# Supplied information:

************

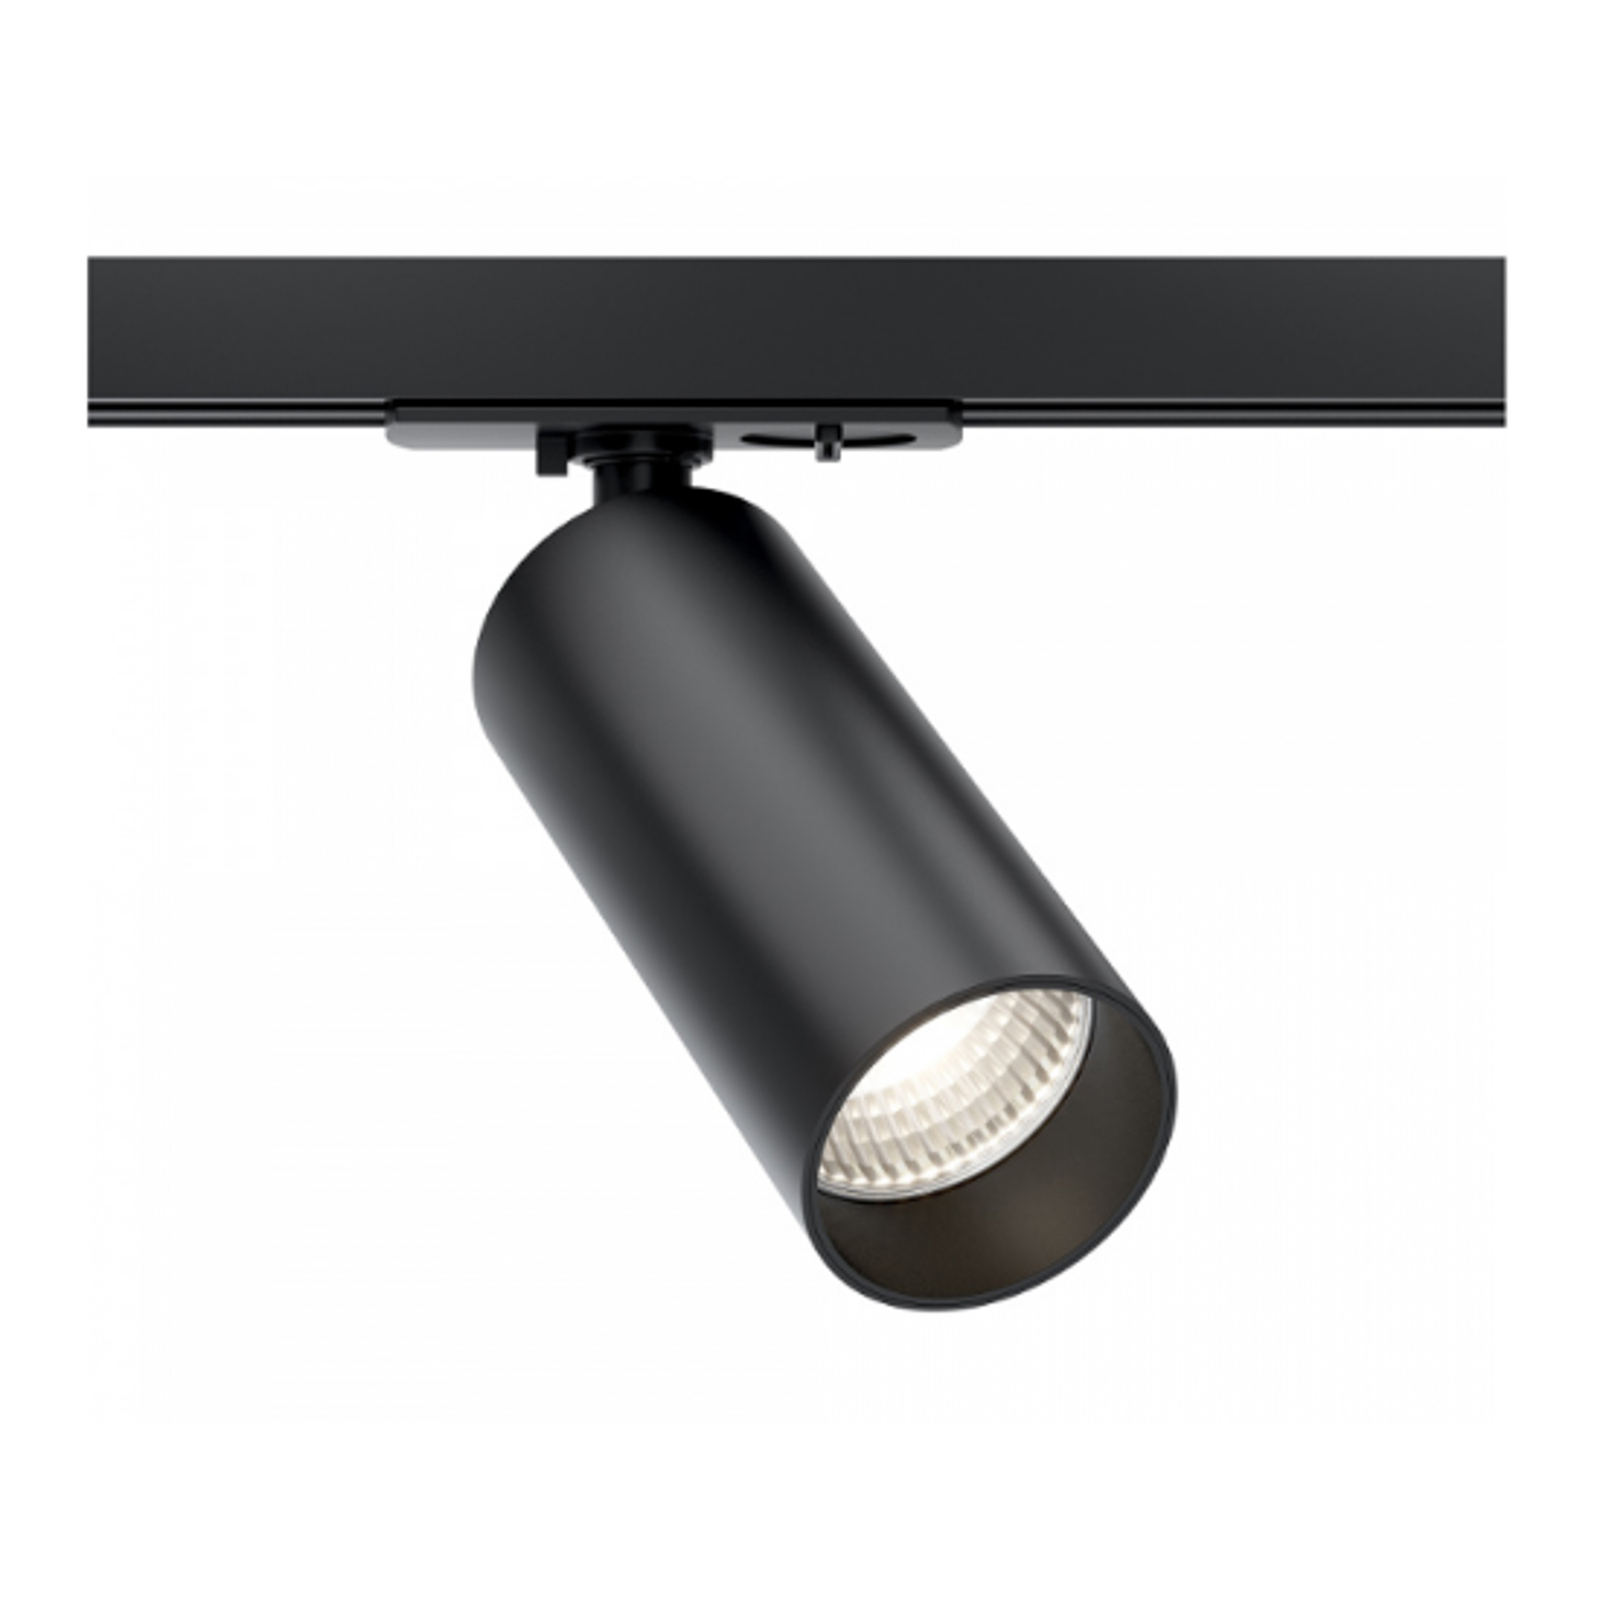 Maytoni Focus LED spot, Unity system, Triac, 930, black
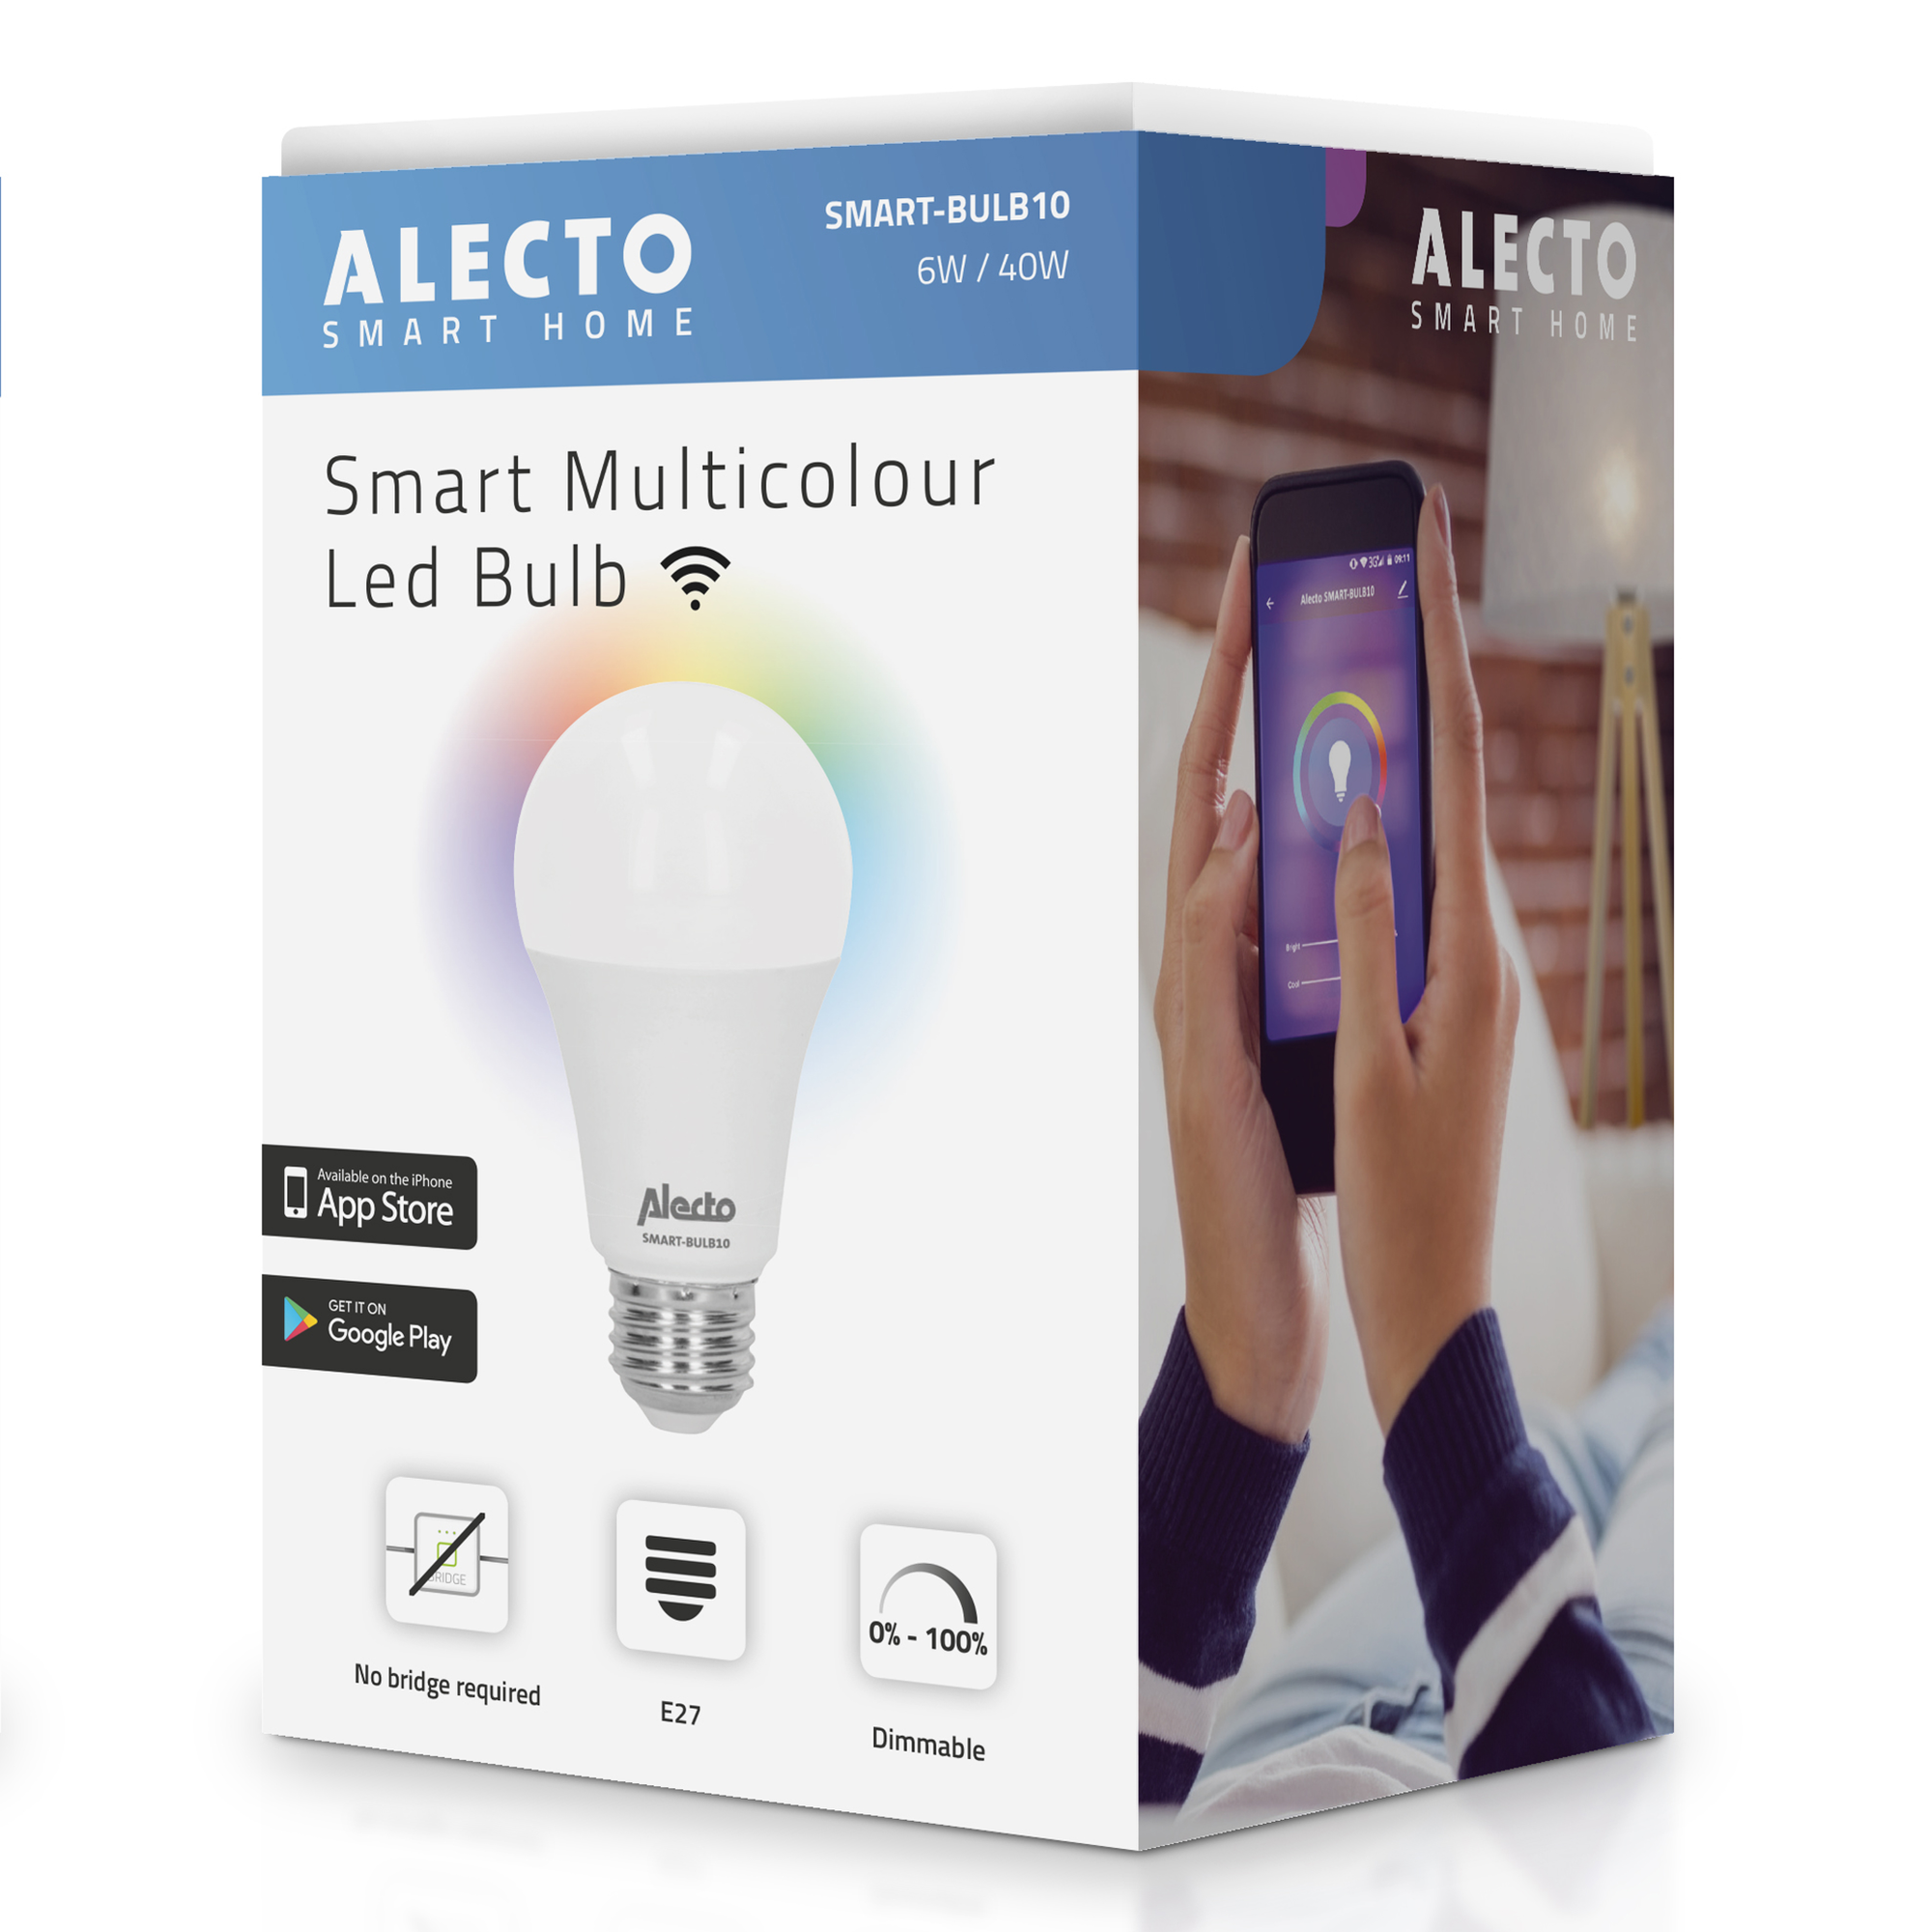 Weiß ALECTO smarte,mehrfarbige SMART-BULB10 Weiß,Neutrales mit Weiß,Warmes Kaltes warmes Weiß,RGB,Sehr E27-Sockel - WLAN-LED-Glühlampe
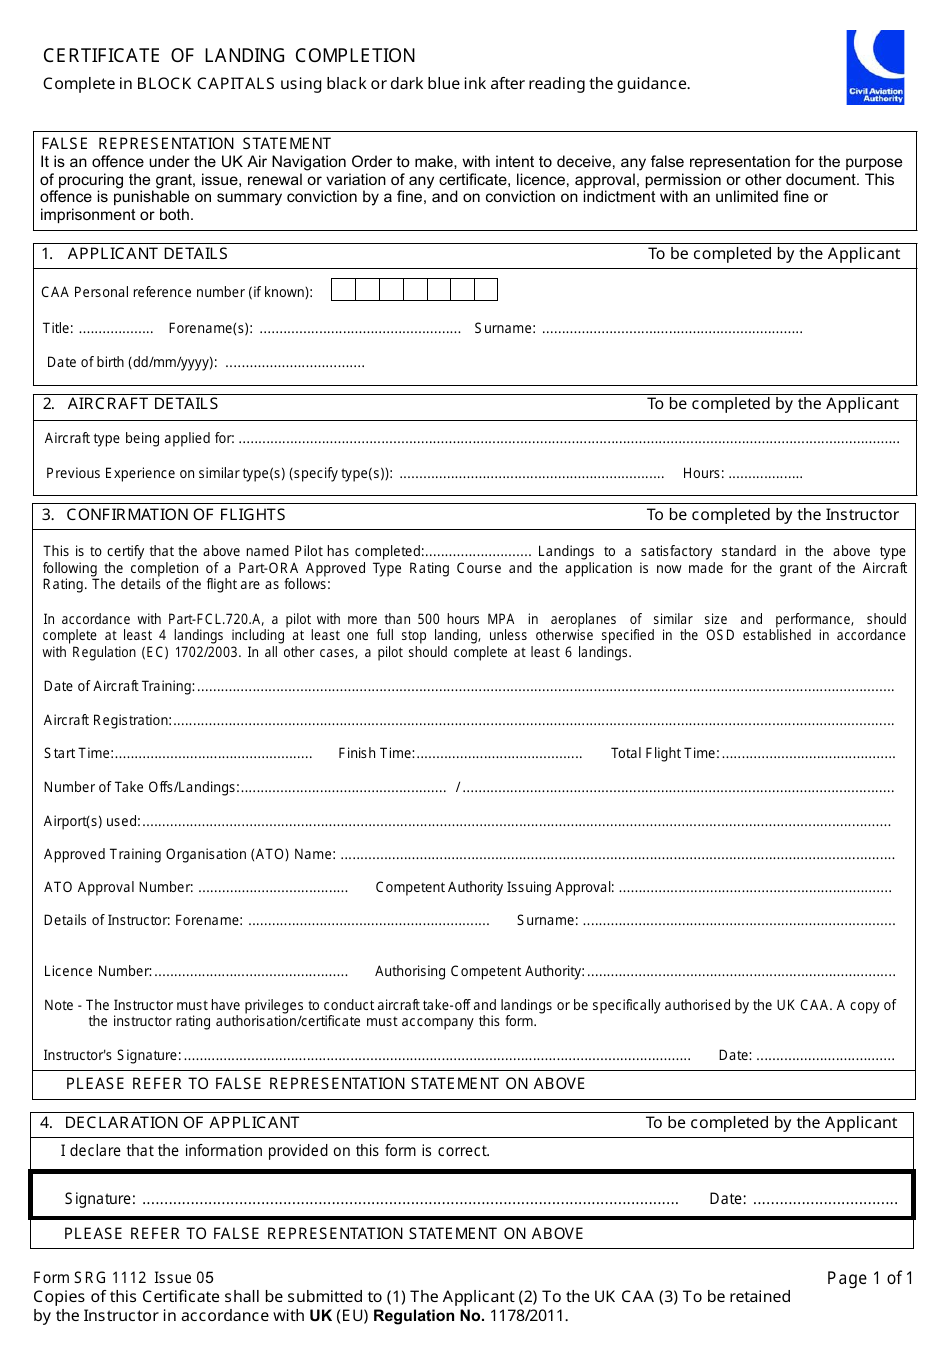 Form SRG1112 Certificate of Landing Completion - United Kingdom, Page 1

************

# What to do:
The finished answer is an exact repetition of the listing, with every picture removed.

# Result:
 Maytoni Focus LED spot, Unity system, Triac, 930, black
 Weiß ALECTO smarte,mehrfarbige SMART-BULB10 Weiß,Neutrales mit Weiß,Warmes Kaltes warmes Weiß,RGB,Sehr E27-Sockel - WLAN-LED-Glühlampe
 Form SRG1112 Certificate of Landing Completion - United Kingdom, Page 1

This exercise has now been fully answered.